Unos segundos más tarde cruzaba la meta Harper, con sus pies ensangrentados pero sin perder la posición de privilegio por detrás del ganador. Y tras él, en la tercera plaza, entraba Nan, otro atleta que vestía los colores de Japón, que había remontado de forma espectacular en los kilómetros finales tras no aparecer en las primeras plazas durante gran parte de la carrera. Minutos después, en la ceremonia de homenaje a los triunfadores, mientras Harper se mostraba sonriente y feliz con la segunda plaza, Son y Nan apareceían cariacontecidos y con semblante no se sabía muy bien si serio o triste. Cuando sonaba el himno japonés y subían las banderas a los mástiles de honor, ambos agachaban la cabeza en un gesto que, cómo luego explicaría el ganador a los periodistas, no era de respeto sino una “protesta educada y silenciosa de vergüenza y rabia”. Porque en realidad, el vencedor de la maratón olímpica de Berlín en 1936 ni era japonés ni se llamaba Kitei Son. Había nacido en el norte de Corea y su nombre real era Kee Chung-Sohn… o Son Kee Chung, dependiendo de si se pone delante el nombre de familia, cómo marca la costumbre coreana, o detrás, al estilo occidental. Pero, con su país invadido por las tropas niponas desde hacía años, se había visto obligado a competir con los colores del Imperio del Sol Naciente y con su nombre adaptado a la grafía y pronunciación japonesa. Y lo mismo le había ocurrido a su compañero que había cruzado la meta en la tercera posición, también coreano y cuyo auténtico nombre era Nam Sung-Yong.

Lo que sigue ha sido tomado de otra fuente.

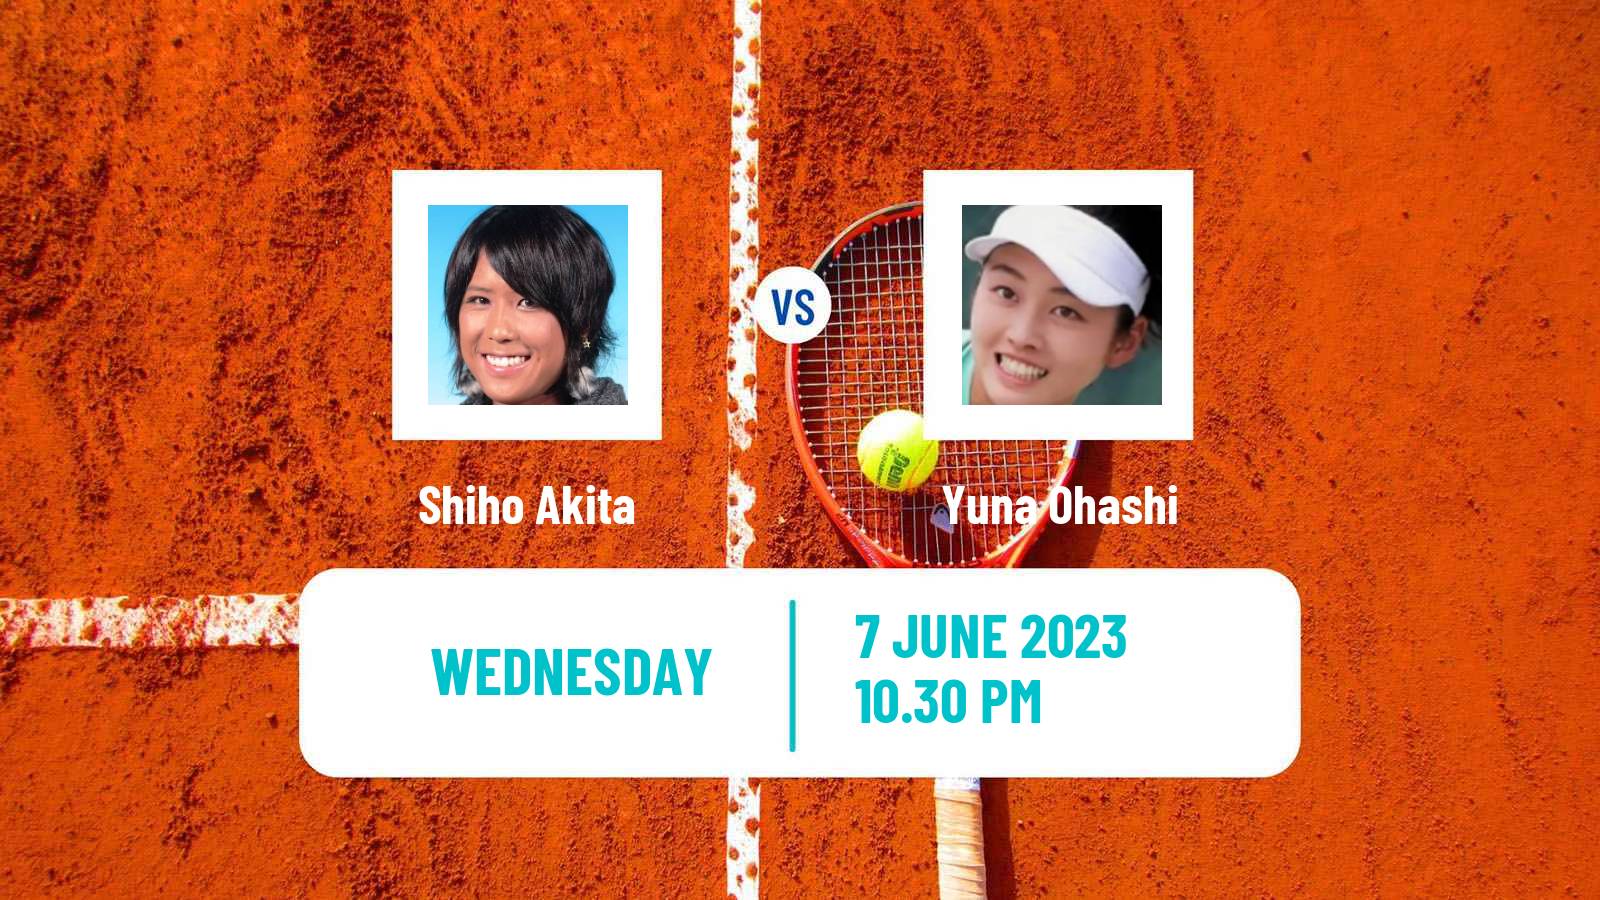 Tennis ITF W15 Kashiwa Women Shiho Akita - Yuna Ohashi
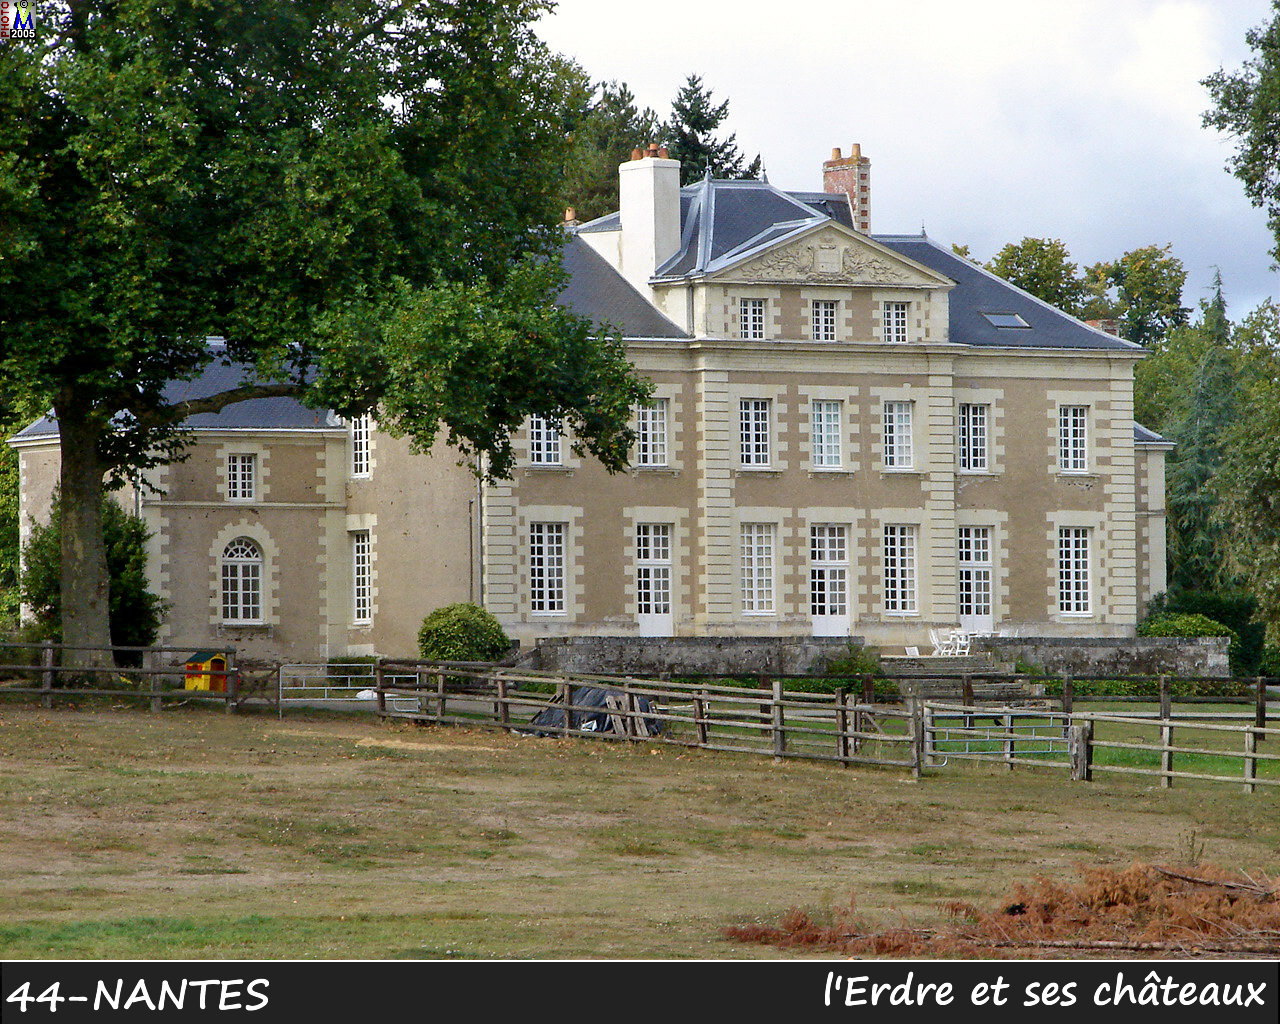 44NANTES_erdre-chateau_106.jpg

Imágenes de la maratón olímpica de Berlín 1936

Pero por mucho que Kee Chung-Sohn reivindicase su auténtico nombre y procedencia, y hasta que el principal diario de Corea publicase su foto en el podio retocada para tapar la bandera japonesa (lo que le costaba caro al propietario y varios de los redactores), su triunfo quedaba para la historia cómo el de un atleta japonés llamado Kitei Son. Y así aparecería en todos los registros olímpicos y libros de historia hasta que, en 1986, en Los Ángeles, tras largos años de lucha burocrática desde que Corea había recuperado su soberanía después de la segunda guerra mundial, se reconoció finalmente en las estadísticas el triunfo del atleta coreano con su nombre real… aunque, eso sí, la medalla de oro siguió siendo computada en el haber de la delegación japonesa.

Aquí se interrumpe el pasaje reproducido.